TASK DETAILS:
Look through the entries below and extract exactly the lines from the one containing "skeleton knight in another world episode 10" through the one containing "Here’s What AGA", ends included.

(AVAILABLE DATA)

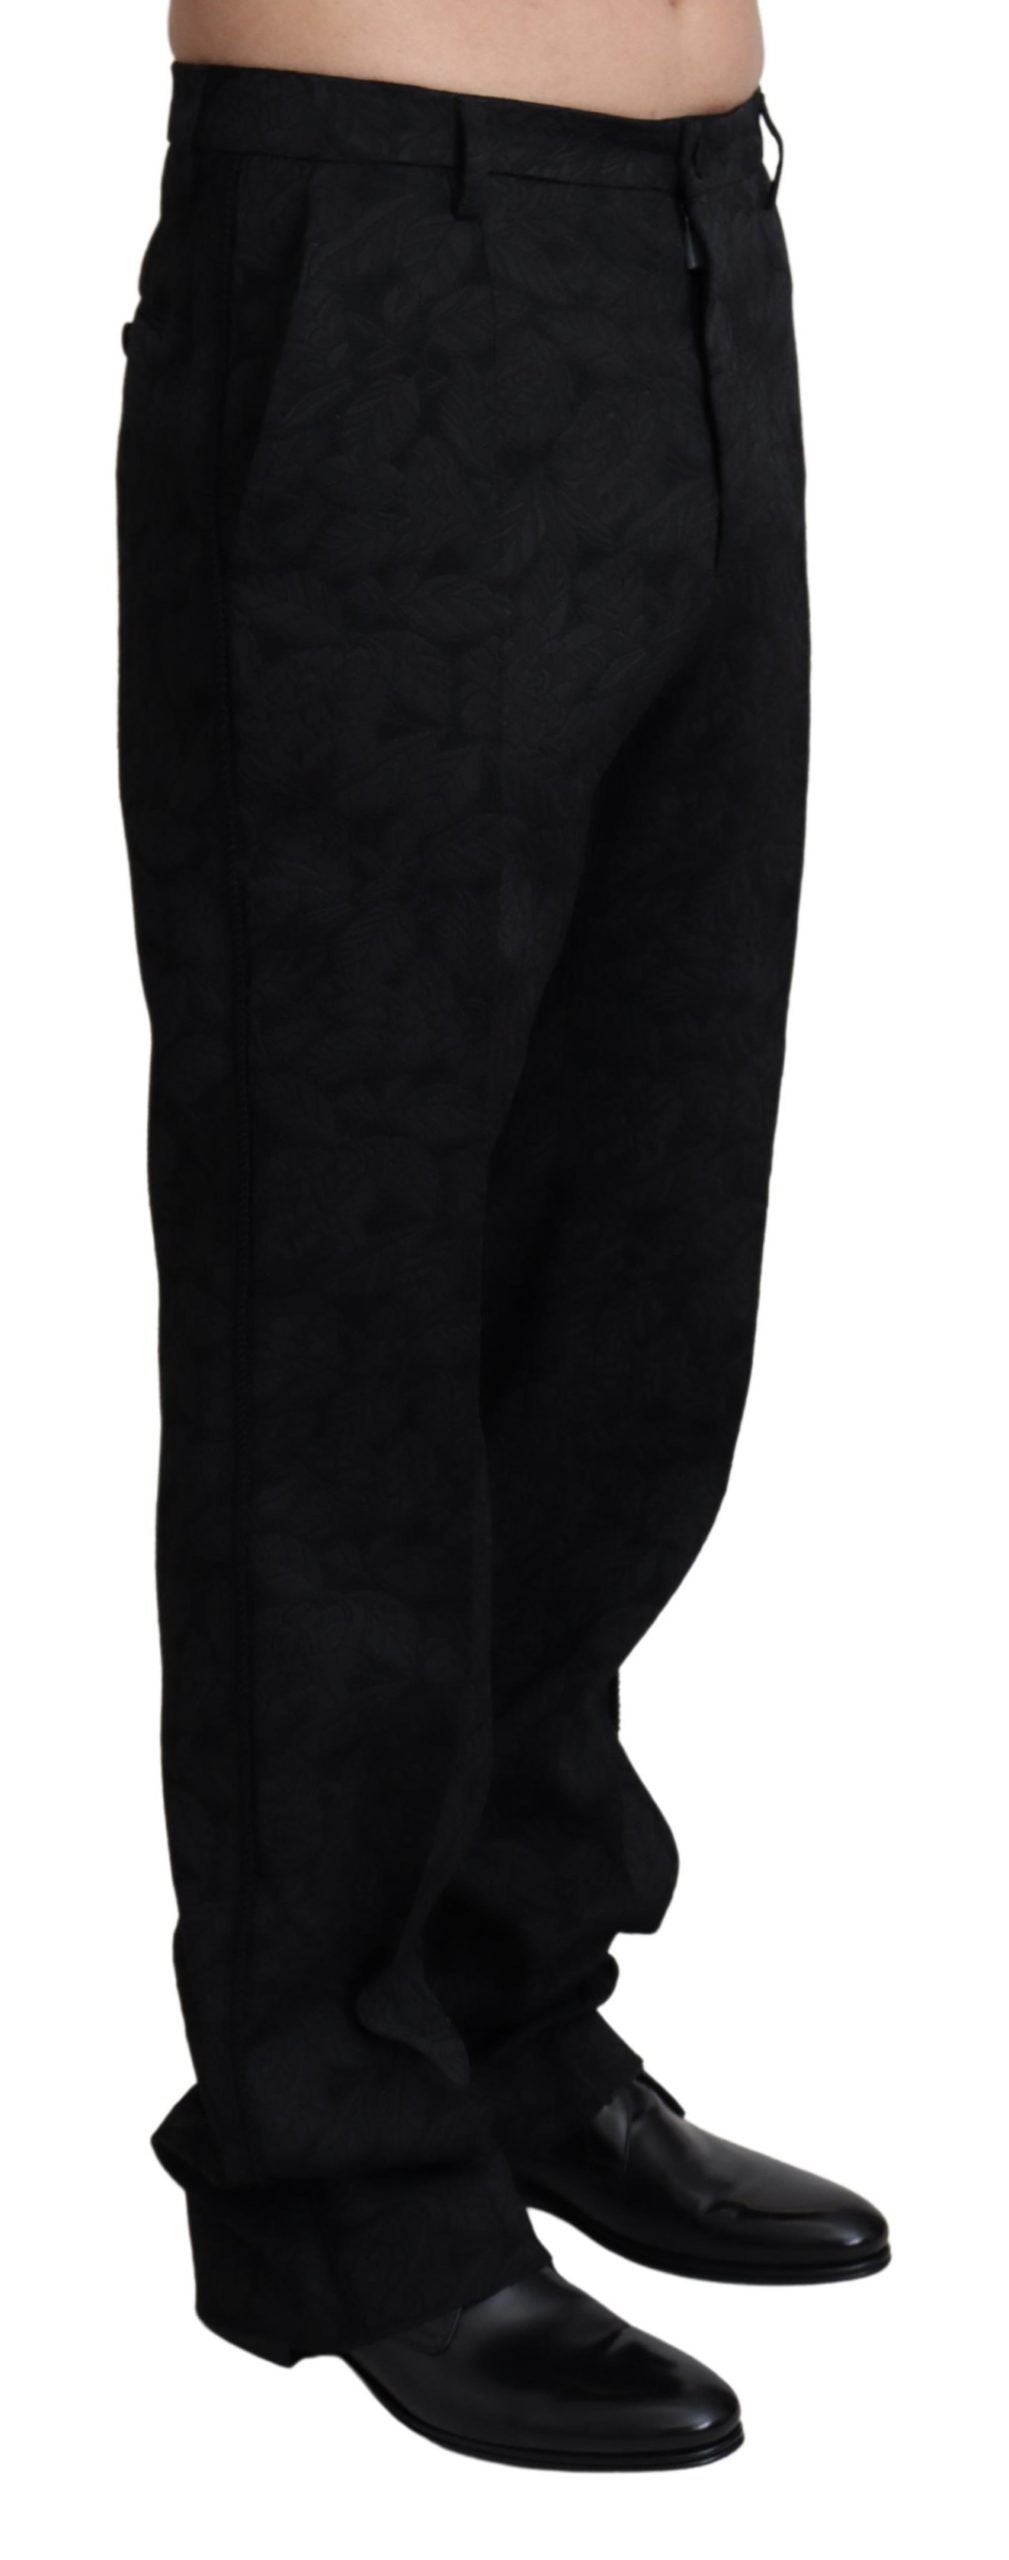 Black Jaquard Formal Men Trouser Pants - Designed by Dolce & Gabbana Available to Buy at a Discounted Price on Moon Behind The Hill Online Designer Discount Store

(End AVAILABLE DATA)
(AVAILABLE DATA)

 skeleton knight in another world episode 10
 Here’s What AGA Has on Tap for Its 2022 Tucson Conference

(End AVAILABLE DATA)
(AVAILABLE DATA)

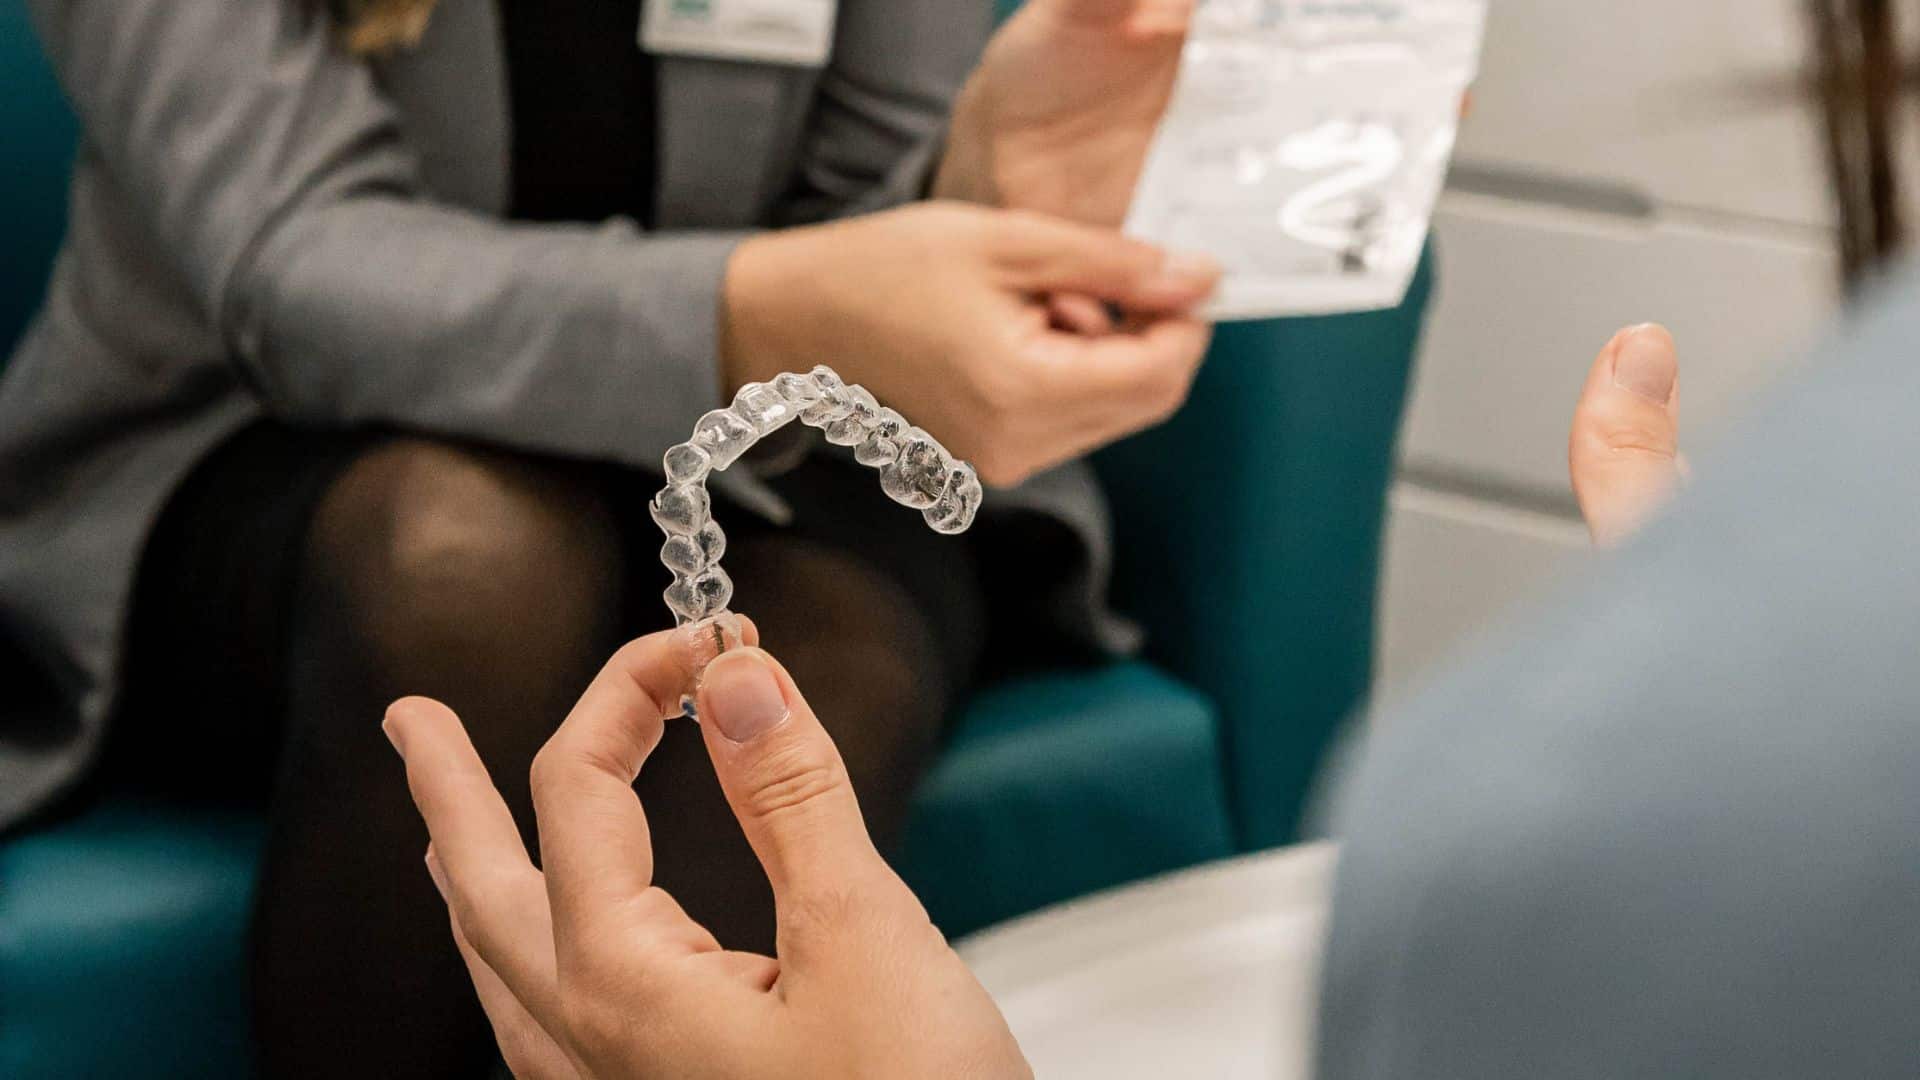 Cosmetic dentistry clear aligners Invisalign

(End AVAILABLE DATA)

THE COMPLETED TASK:
 skeleton knight in another world episode 10
 Here’s What AGA Has on Tap for Its 2022 Tucson Conference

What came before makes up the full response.